- Task description -
Take the material below and reproduce, word for word, only the lines from the line with "Procedural Textured" through the line with "- Cartoon Low".

- Material shown -
*** Begin section ***

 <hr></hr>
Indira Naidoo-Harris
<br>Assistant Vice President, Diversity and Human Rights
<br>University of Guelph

*** End section ***
*** Begin section ***

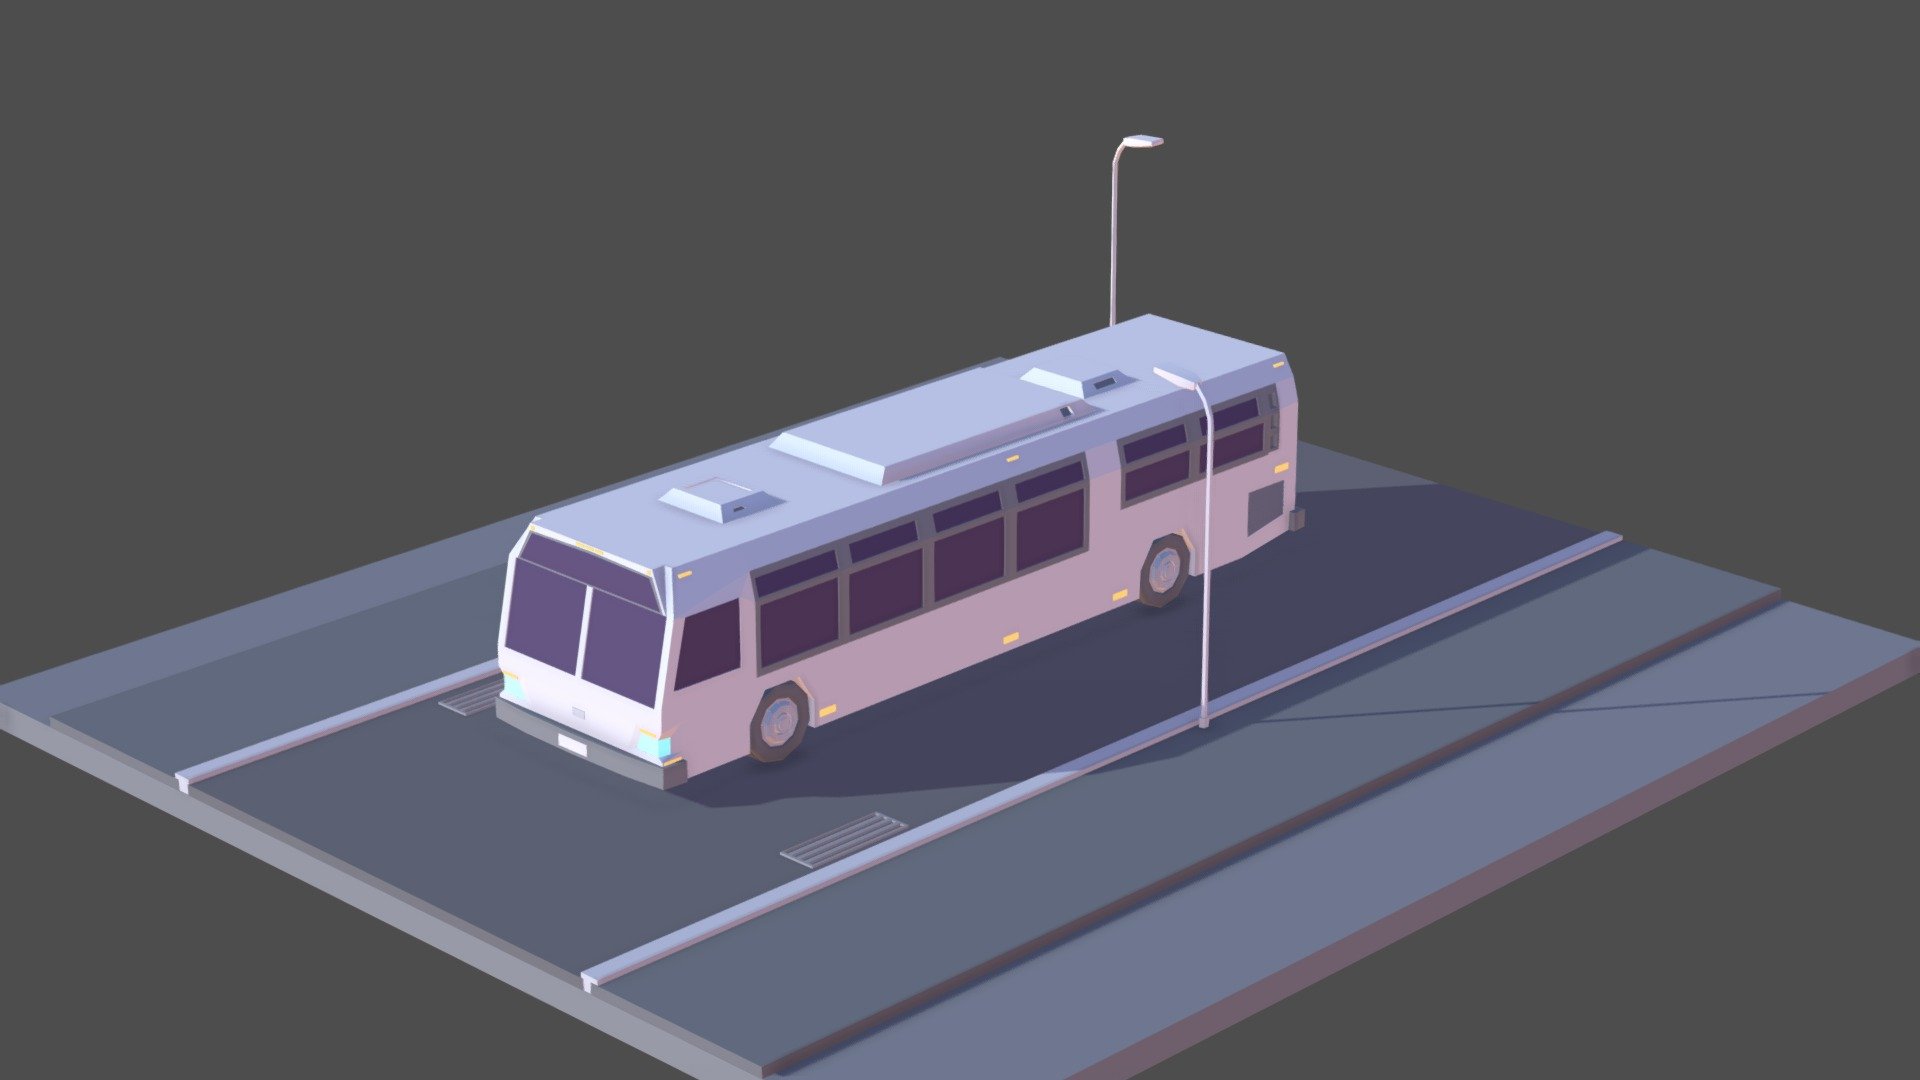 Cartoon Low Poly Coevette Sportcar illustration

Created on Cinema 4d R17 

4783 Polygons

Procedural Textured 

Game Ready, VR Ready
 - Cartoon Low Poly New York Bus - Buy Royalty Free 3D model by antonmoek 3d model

*** End section ***

- Exercise output -
Procedural Textured 

Game Ready, VR Ready
 - Cartoon Low Poly New York Bus - Buy Royalty Free 3D model by antonmoek 3d model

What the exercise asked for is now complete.